→ **WORK ITEM**
Please give back each line below unchanged; none of the pictures should appear.

→ **GIVEN MATERIAL**
____________________
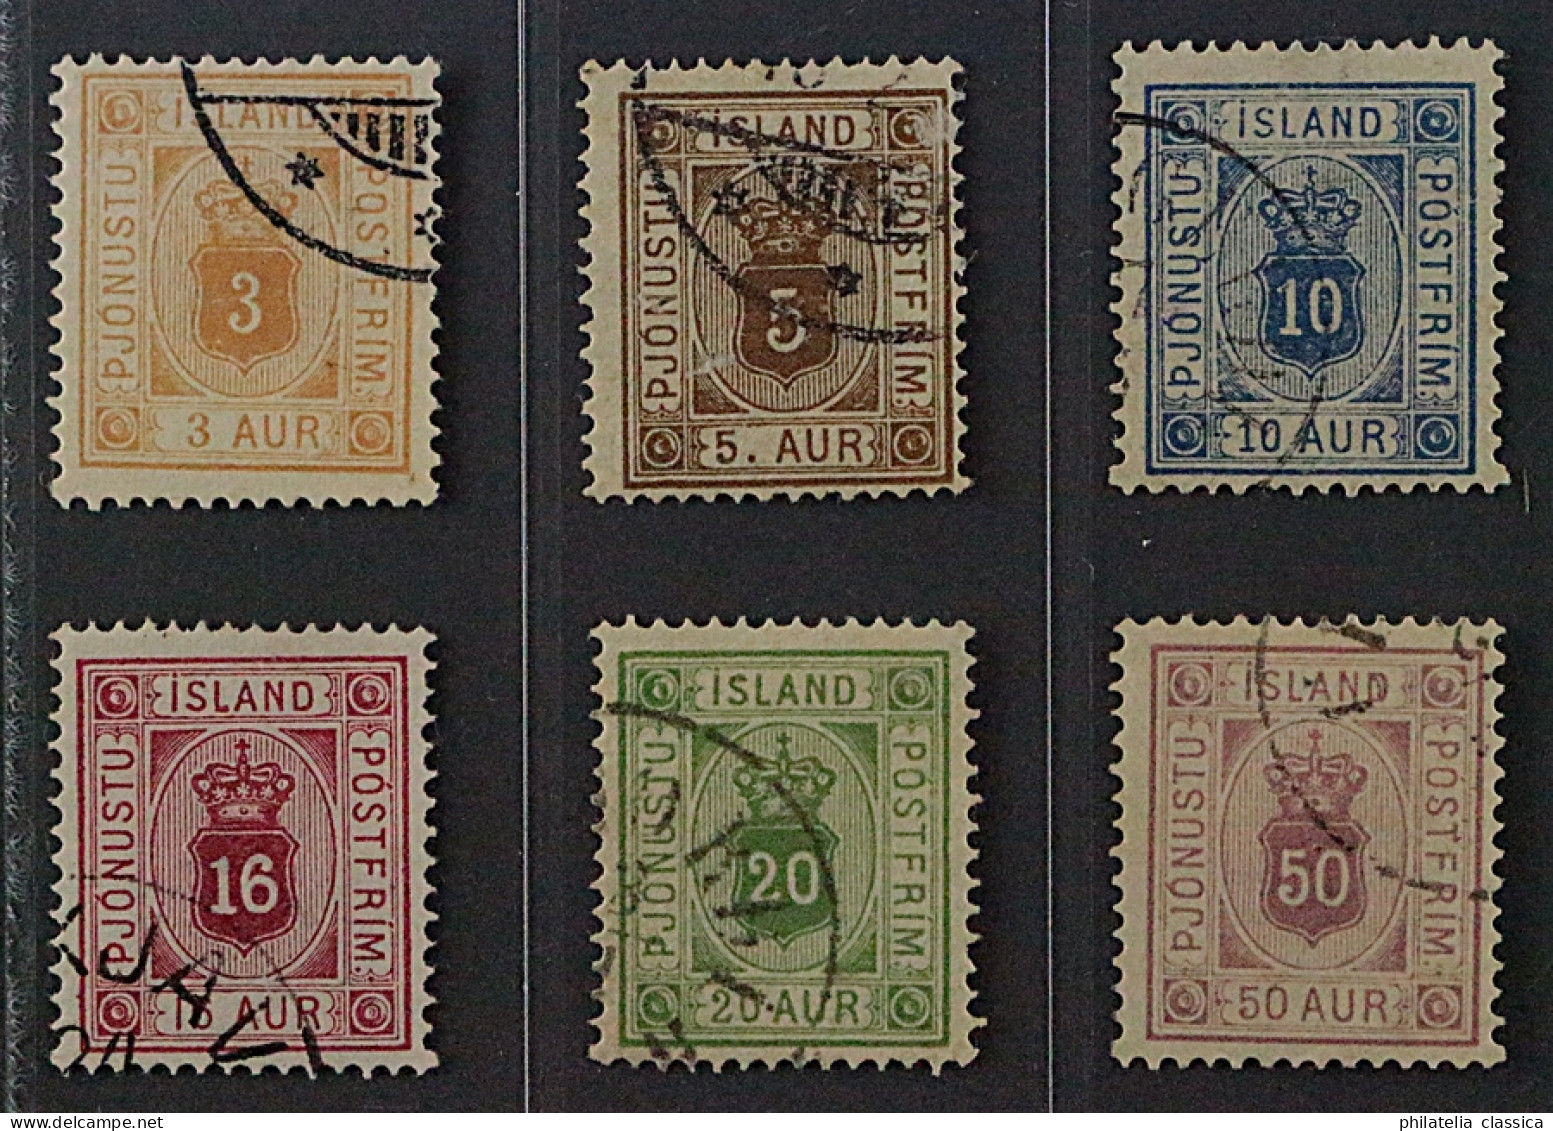 Island  3-8 A,  Dienstmarken 1876/95, Zähnung 14, Sauber Gestempelt, KW 248,- € - Dienstzegels
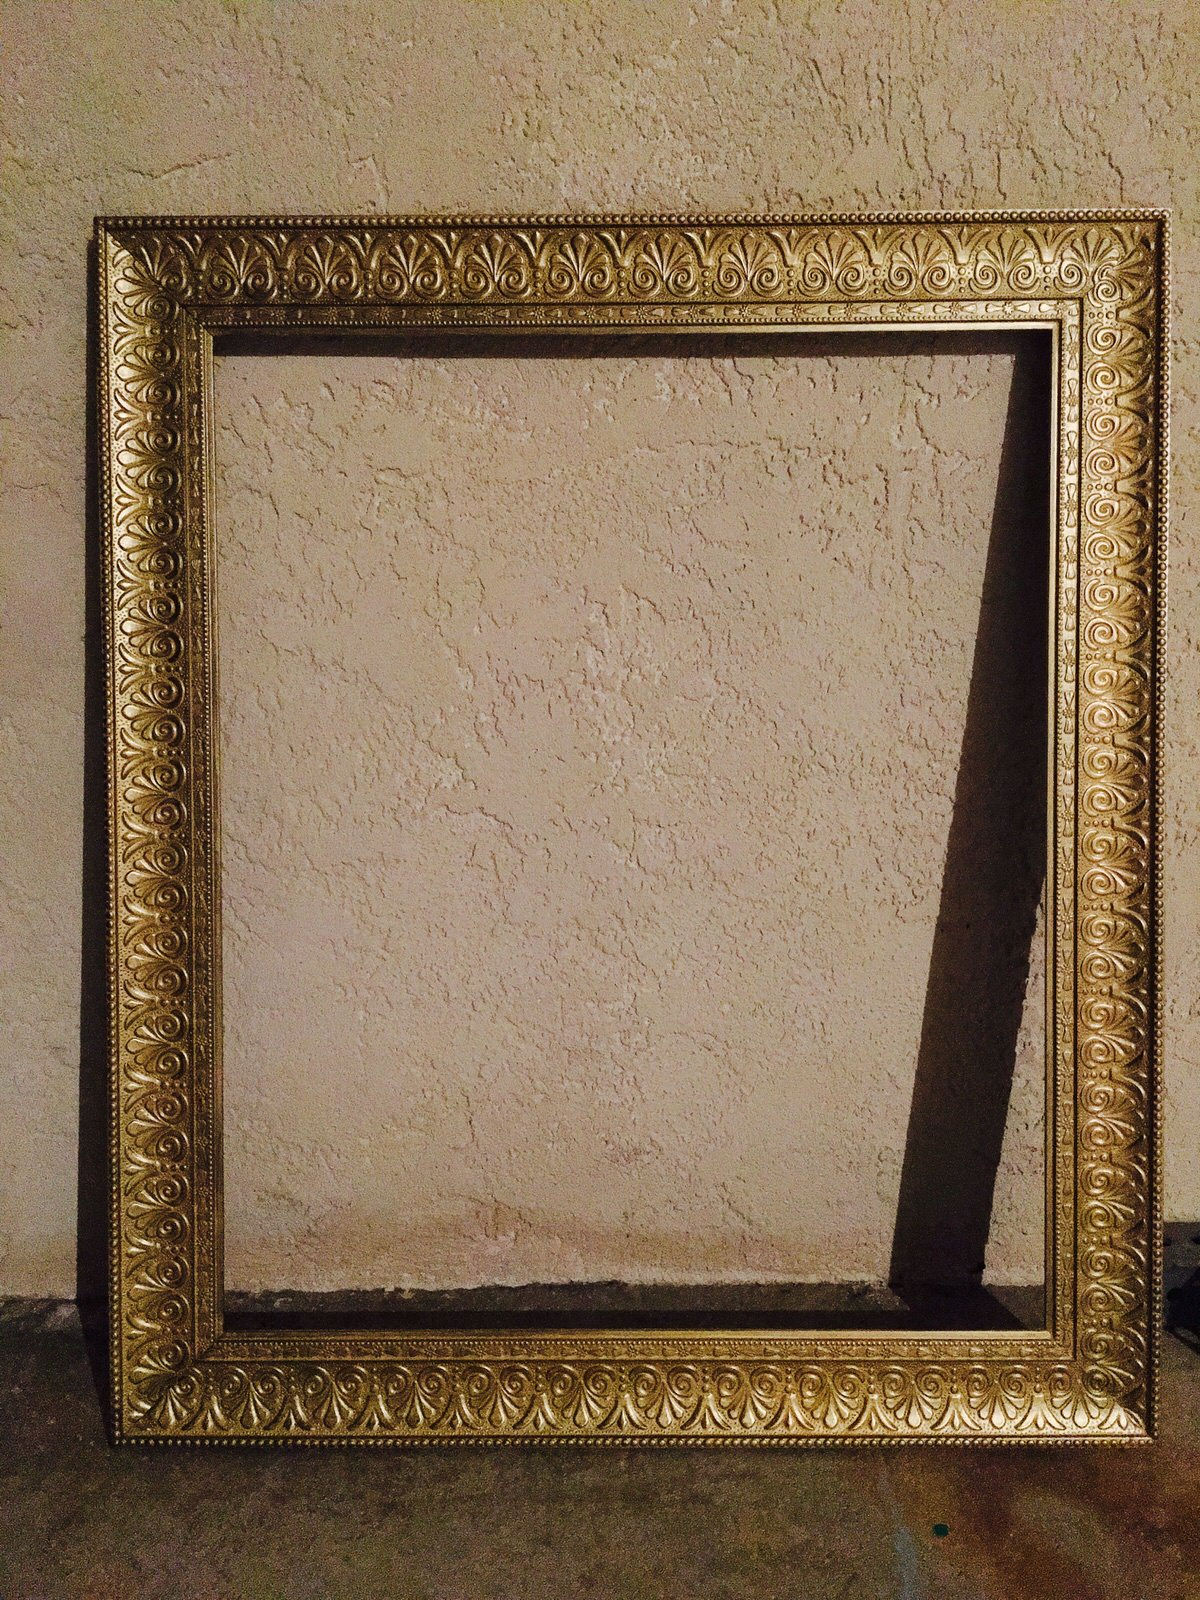  MD Gold Frame (Chalkboard) 
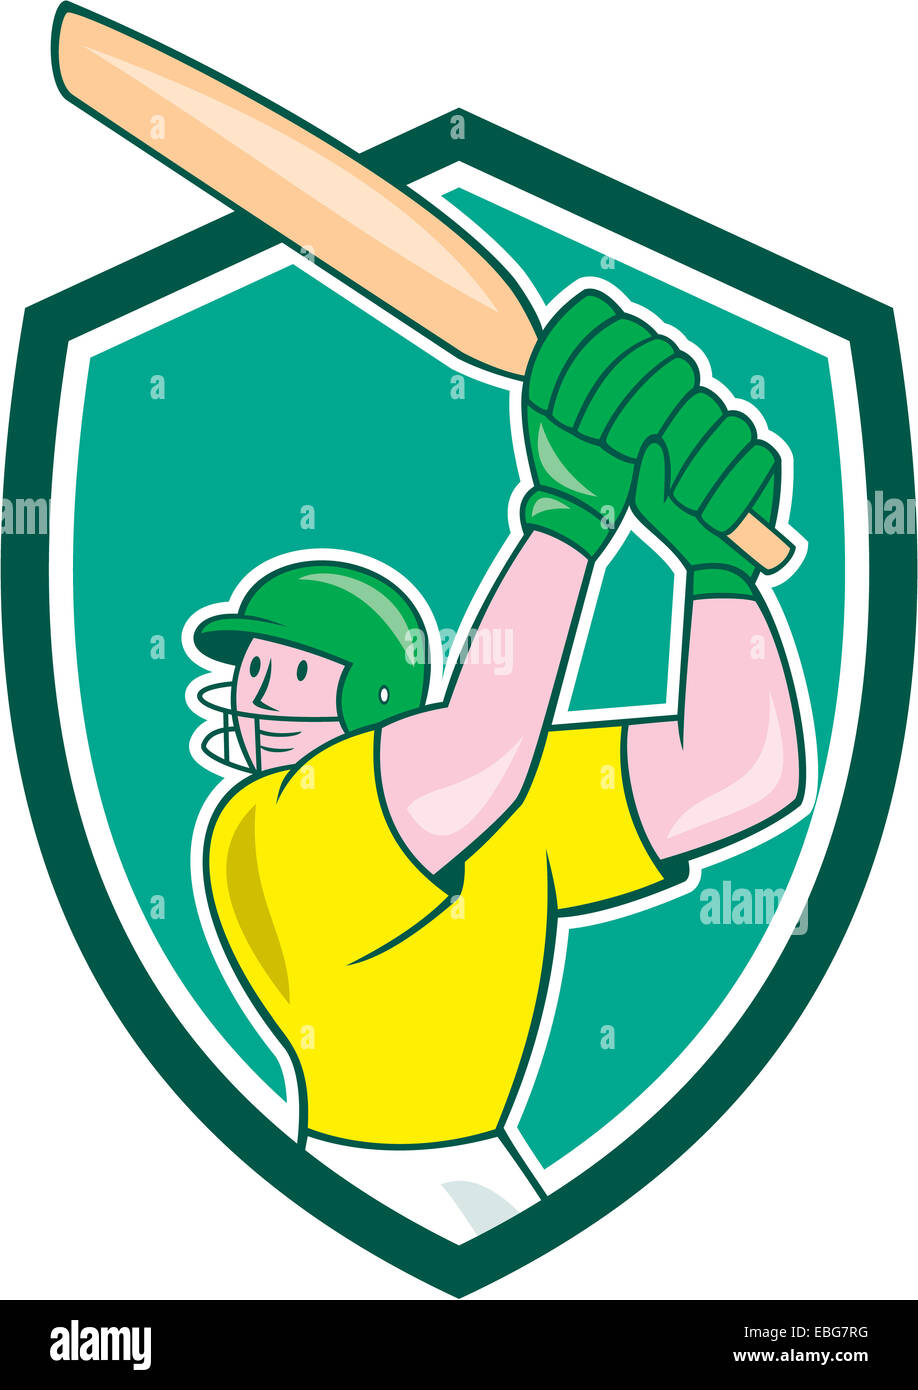 Illustration Of A Cricket Player Batsman With Bat Batting Set Inside
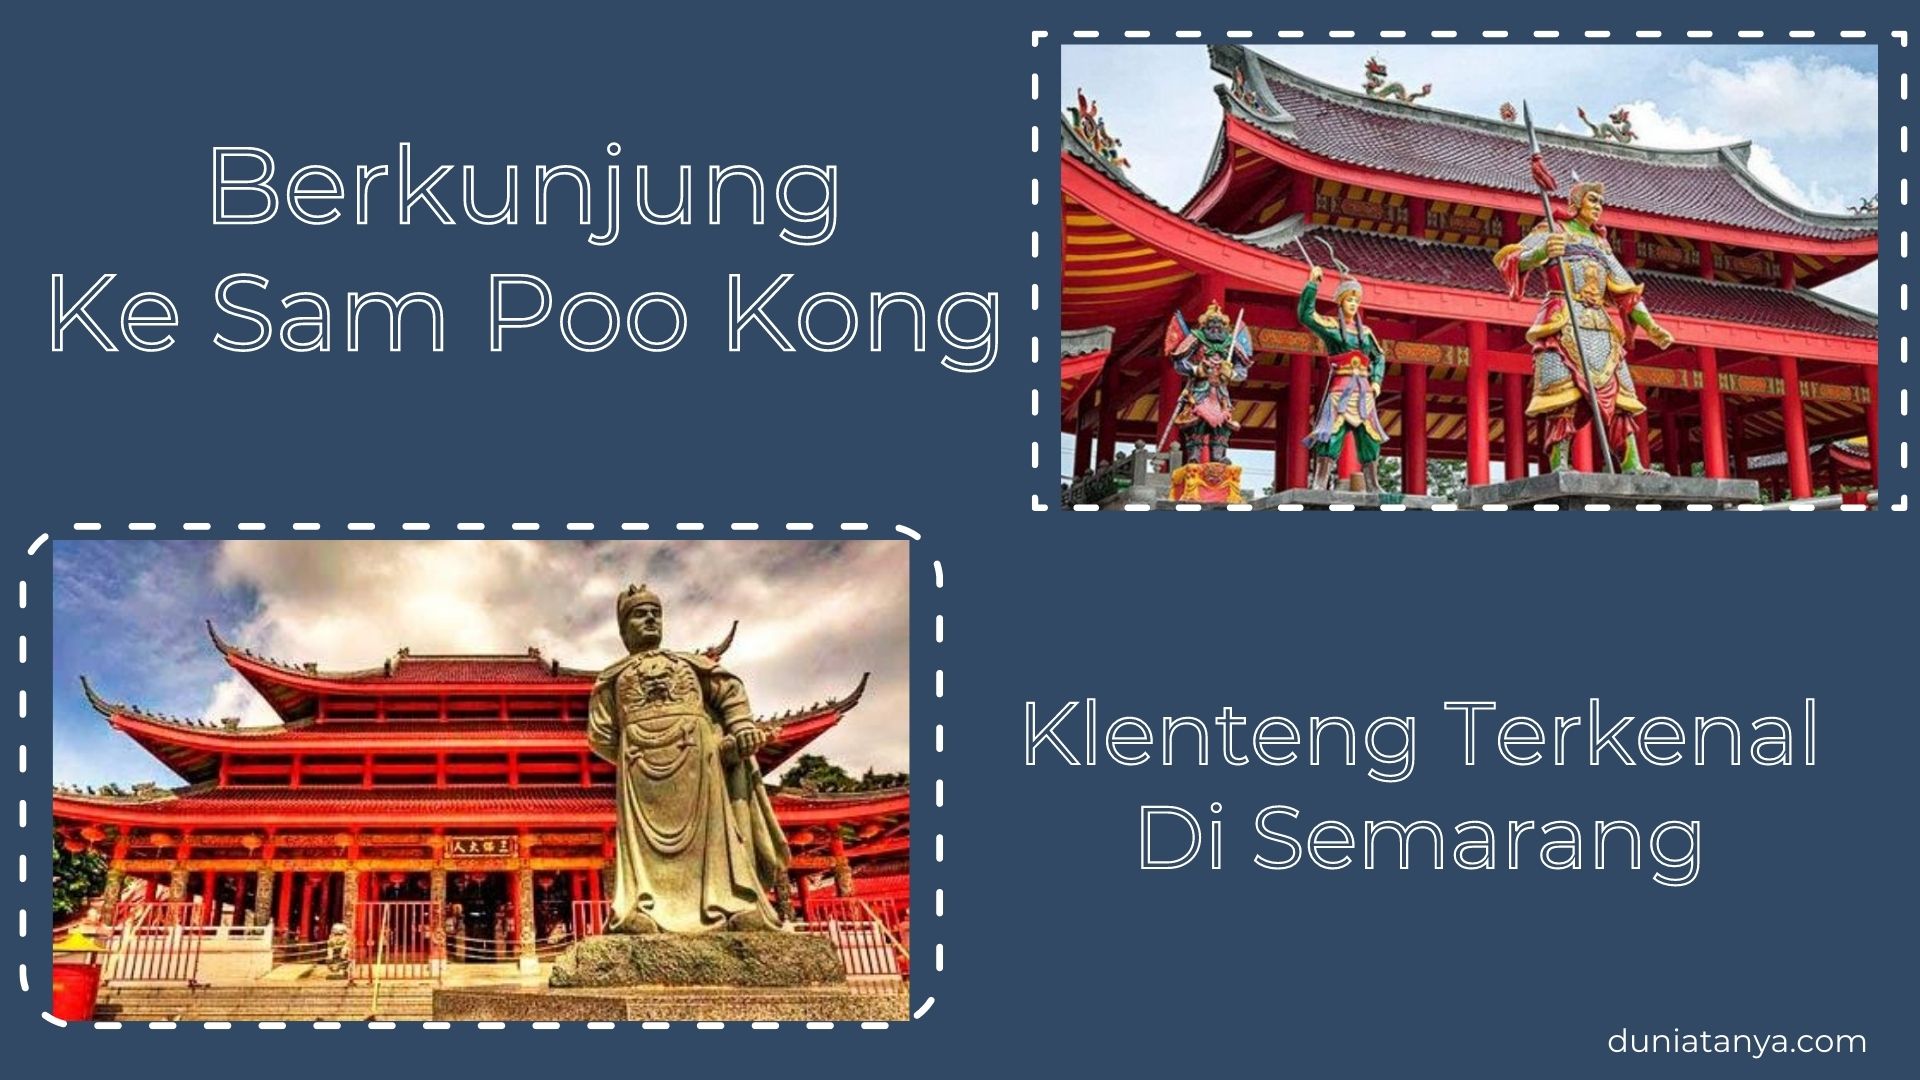 You are currently viewing Berkunjung Ke Sam Poo Kong : Klenteng Terkenal Di Semarang
____________________
→ **ANSWER FOR THIS EXERCISE**
 Island  3-8 A,  Dienstmarken 1876/95, Zähnung 14, Sauber Gestempelt, KW 248,- € - Dienstzegels
  MD Gold Frame (Chalkboard) 
 Illustration Of A Cricket Player Batsman With Bat Batting Set Inside
 You are currently viewing Berkunjung Ke Sam Poo Kong : Klenteng Terkenal Di Semarang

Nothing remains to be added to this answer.